Rau also describes a “prime-degree” interleave scheme that is used with an other than power of two number of memory banks (specifically a non-unitary odd prime number of banks). But the use of an odd number of memory banks in the prime-degree interleave scheme described by Rau is unsuitable for paged memories because paged and bit-addressed memories require a power-of-two number of memory banks per wing.
When dealing with parallel high-rate-streaming of multiple vectors of memory data, prior memory schemes using a single serial (e.g. one address of one vector at a time) data-address stream required that all elemental data of each vector be of consecutive memory addresses and all streams of all vectors (e.g. one stream per vector) flow in the same direction (e.g. addressing smaller then larger addresses of data of each, vector) and at the same basic data rate (e.g. number of data bits per unit of time). For a single such address stream to service multiple such data streams for such streaming of their data uninterrupted, a single address value of a single data stream addressed a single block of data with enough consecutive elemental data to satisfy its streaming at the full rate for a number of consecutive address cycles not needed by it. Like sized data blocks (e.g. total bits of data per block) for other vectors were addressed serially using only the one address stream. Thus, for all the data of each data block of each stream and thus each vector was necessarily consecutive.

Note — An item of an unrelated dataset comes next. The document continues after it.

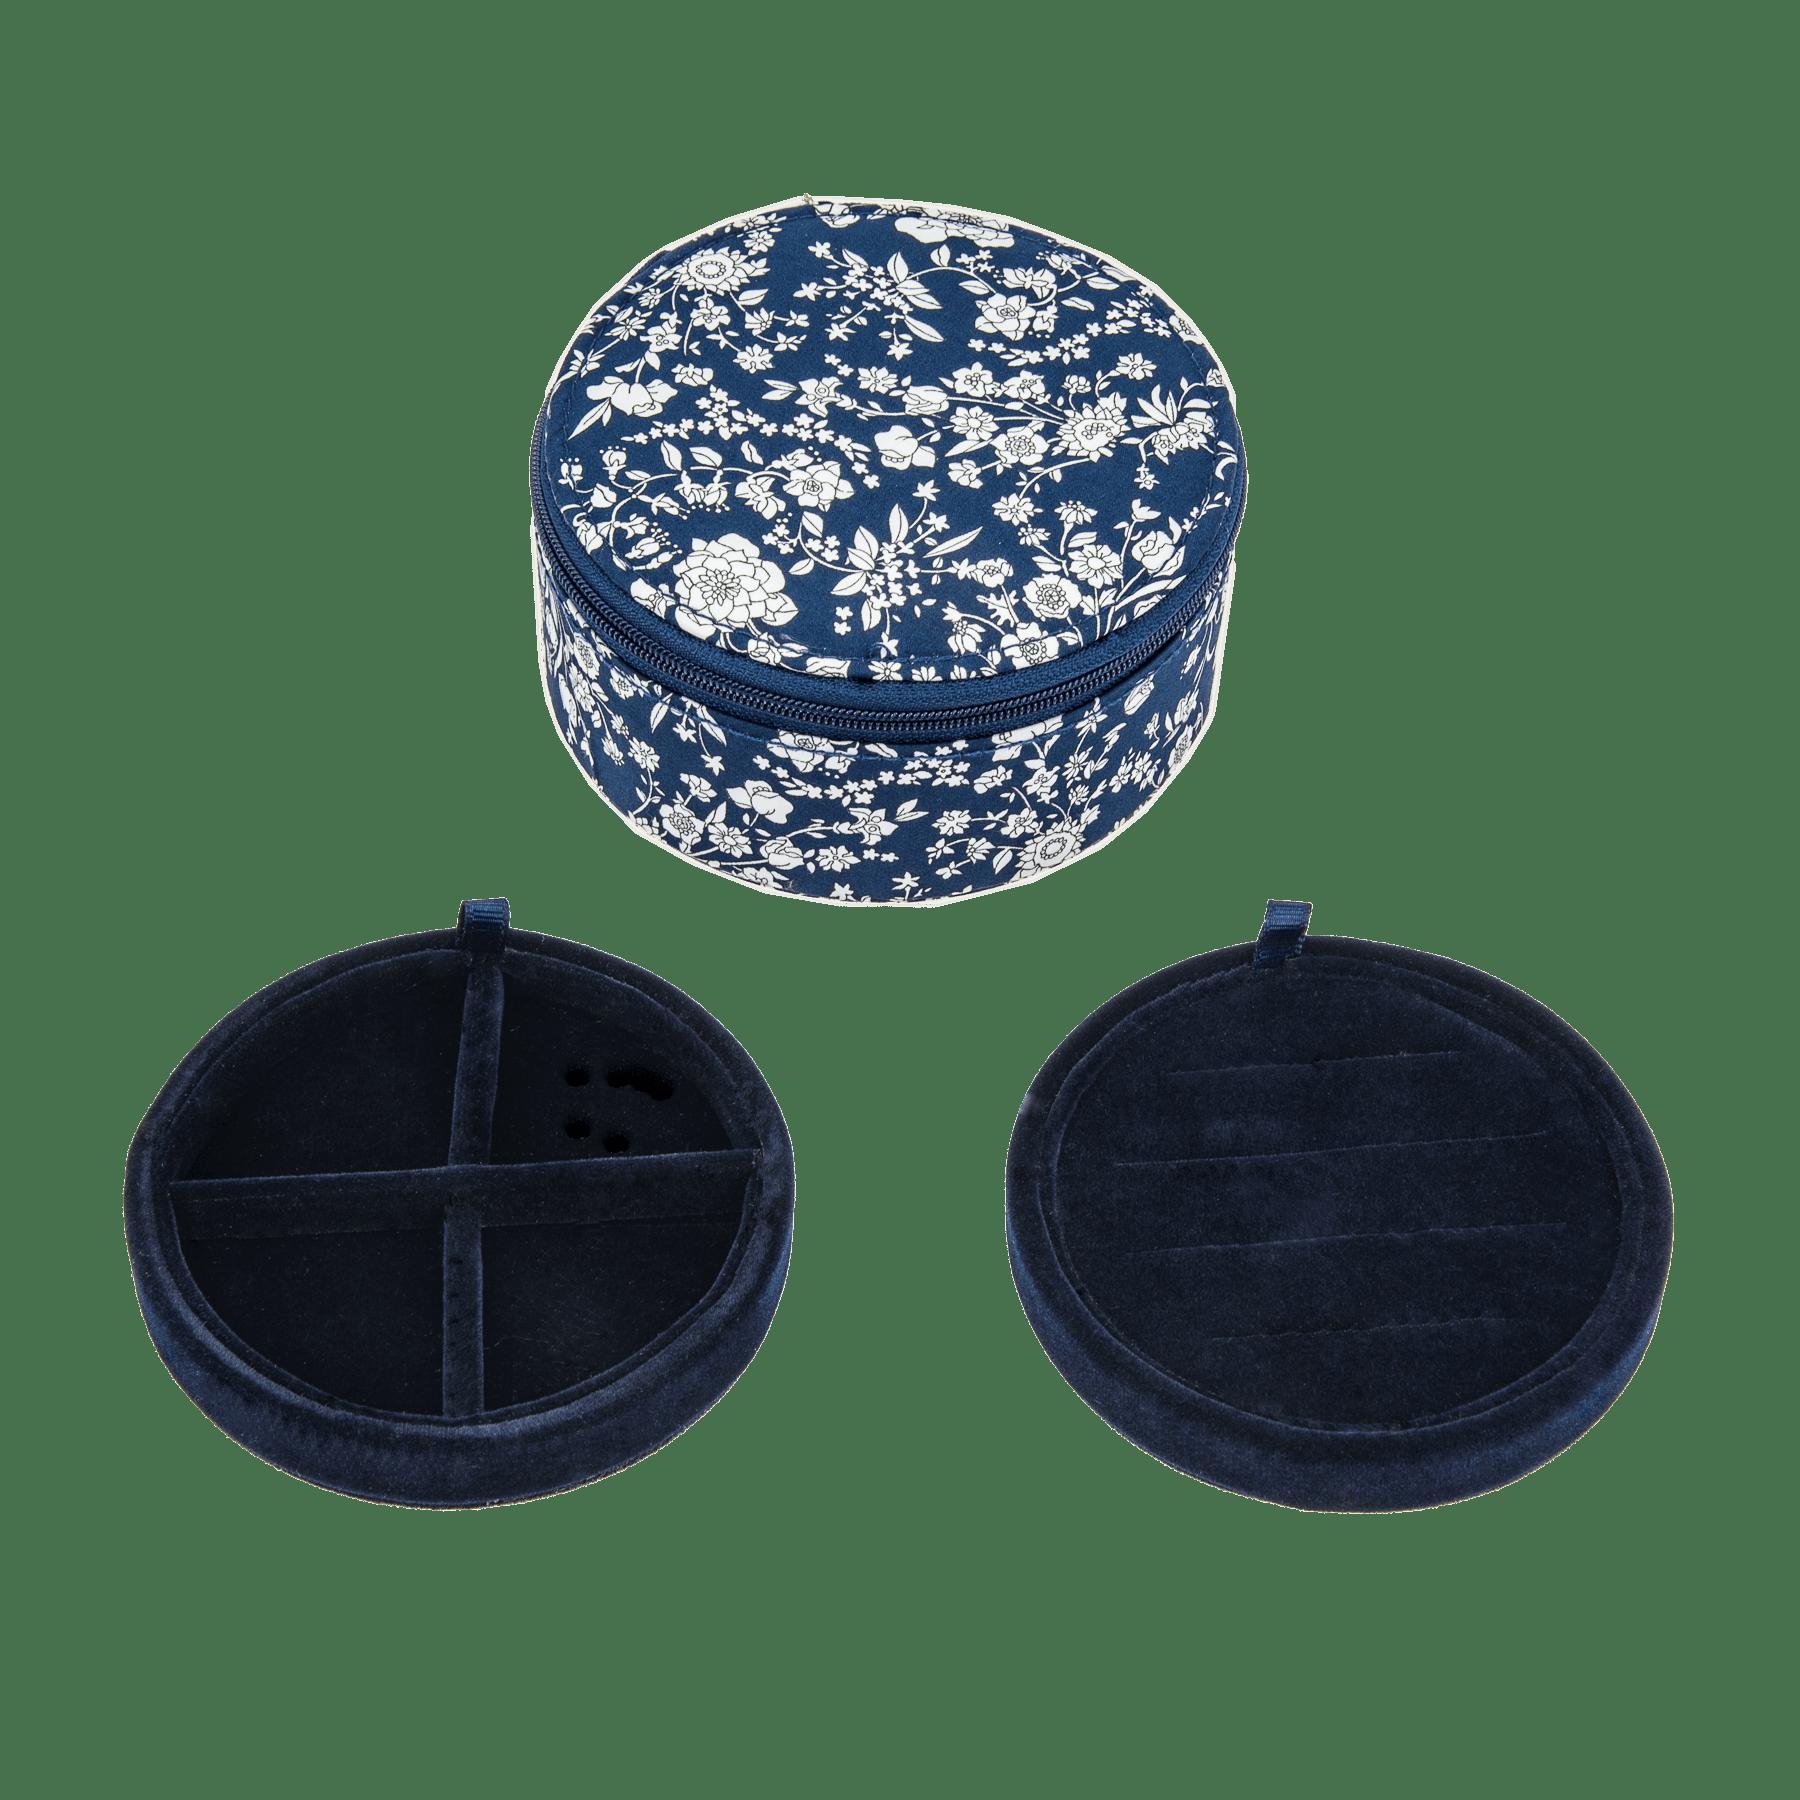 BON DEP Liberty smykkeskrin - Capel navy -
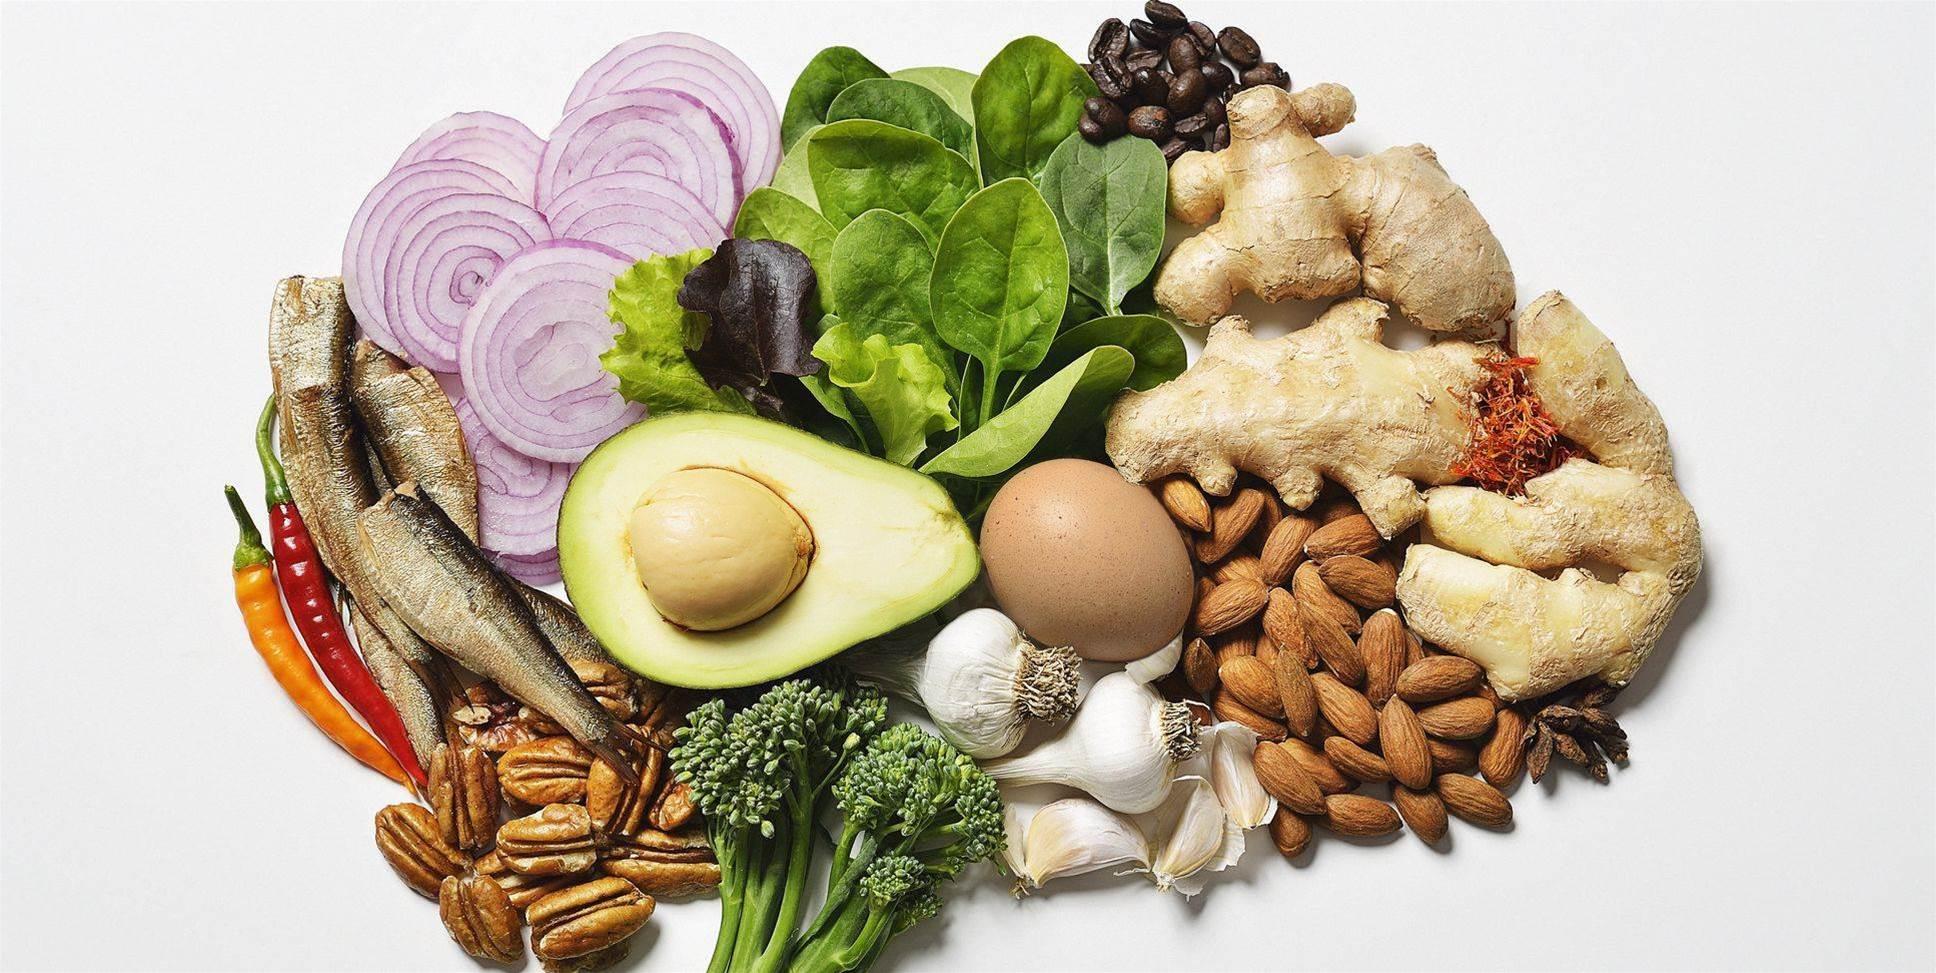 9 Brain-Healthy Foods for Alzheimer's Prevention

Where the memory was banked and interleaved, each bank (or each so dedicated set of banks) was capable of accessing a streaming sized block of data when accessed by a single address value of all serial from the address stream. Also, a single bank was not capable of being accessed more often than the time to serially address a number of other such banks. Finally, there were enough banks interleaved to allow each bank to be sequentially addressed for accessing data of each flowing stream. Thus and as for each bank, every stream accesses once before the same stream accesses again, all accessing in an order determined per case but uniquely maintained for at least most of the duration of each case. Thus and finally, the one dominate order per case being necessarily maintained did not allow two directions of addressing for the same case.
To allow the time separation between each stream's accessing of the same bank for the worst case, large data buffers were required by each data stream because as measured in time, one data stream must be allowed to stream ahead of all others and all the variously leading read data streams and trailing write data streams must be buffered until the last data stream began streaming data to memory. Buffers are costly both in computer resources and delay respective of size. Also, it was necessary that all data streams' addressing of memory be in the same direction and at the same full data rate so those streaming at full rate would not experience continual bank usage conflicts resulting in interruptions of data flow. There is a need, therefore, for a vector streaming technique wherein vector data, are pre-read and post-written from and to the memory so that vector data sees minimal delay using minimal buffers while moving the data at the rates, directions and fixed spacings of demand of the processor unit.